Only the visible survive
The tendency when things get tough for your business, whether it’s from recession or other externalities, is to hunker down and get defensive. Sales and revenues are down so naturally we starting looking for places to cut the budget. Unfortunately, many businesses let the tail wag the dog and head straight for sales and marketing expenditures. After all, it’s easy to chop that next ad placement, lay off a sales rep or maybe ditch the marketing coordinator. After all, those budget items are about the future, not the present.
The problem with shrinking markets or bad economies is that you’re in a fight for your life. We’ve seen numerous examples of companies going defensive only to lose in the long run to those that stay on offense.
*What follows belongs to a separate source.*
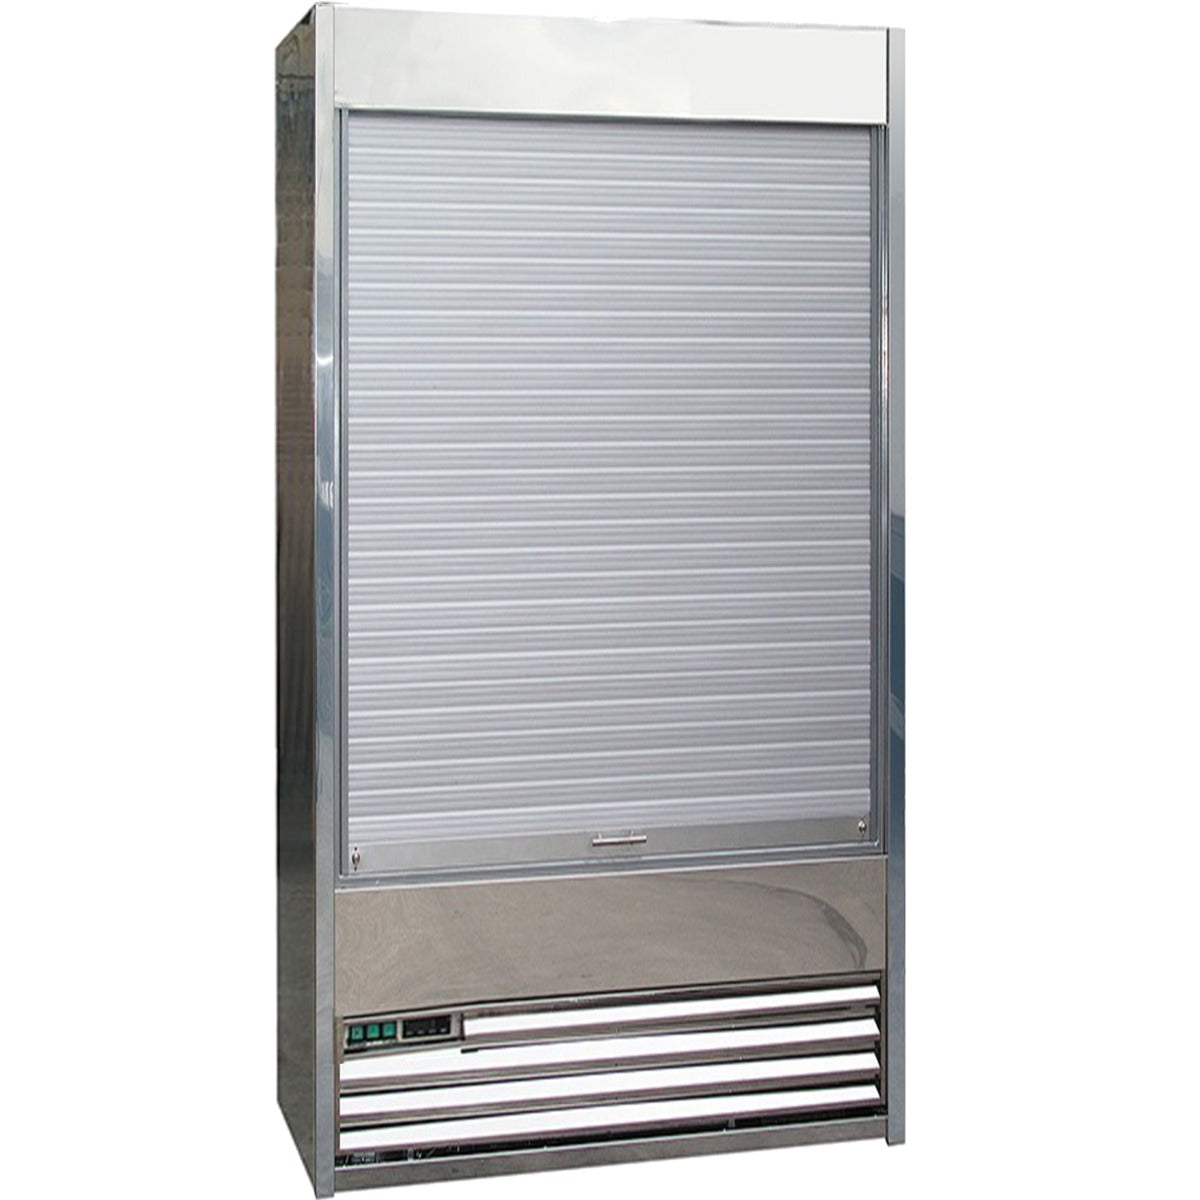 Frost-Tech Stainless Steel Tiered Display 1000mm Wide

A great case study for this was the go-go racquetball industry of the 70s and 80s.
When racquetball first started taking off as a sport, there were two companies — Leach and Ektelon. (Disclosure, I worked for Ektelon.) As the market grew, other racquet companies took notice and started making racquets including Head, Wilson, Kennex, Olympian and Spalding to name a few. For awhile it seemed like there was room for everyone as the market and popularity of the sport kept growing.

But, like all hot trends, things eventually slowed down and the sport started shrinking. Fewer players, fewer tournaments, few court facilities. In spite of this, Ektelon kept its marketing, sales and promotional efforts going. Meanwhile the big companies like Head, Wilson and Spalding started pulling back. Even Leach, the number one brand in racquetball, reined in everything.
Four years later, Ektelon had 75% of the market share for racquets, 50% of the market share for balls and 90% share of clothing and accessories. Meanwhile Leach was dead and everyone else was just dabbling. Even with a reduced market, Ektelon was profitable. The point is that when times are hard, the survivors fight harder. They keep the pressure on their competitors. They find new ways to sell. They adapt. Change. And above all survive.
Of course there’s a footnote to all this. The sport of racquetball eventually collapsed as court facilities were converted to more profitable space uses. While still a leading brand in the sport, the market is probably 10% of what it once was. Upstart racquet maker, E-Force, founded by three former Ektelon execs, now holds significant share but the sport is clearly a niche activity in the general sporting goods market.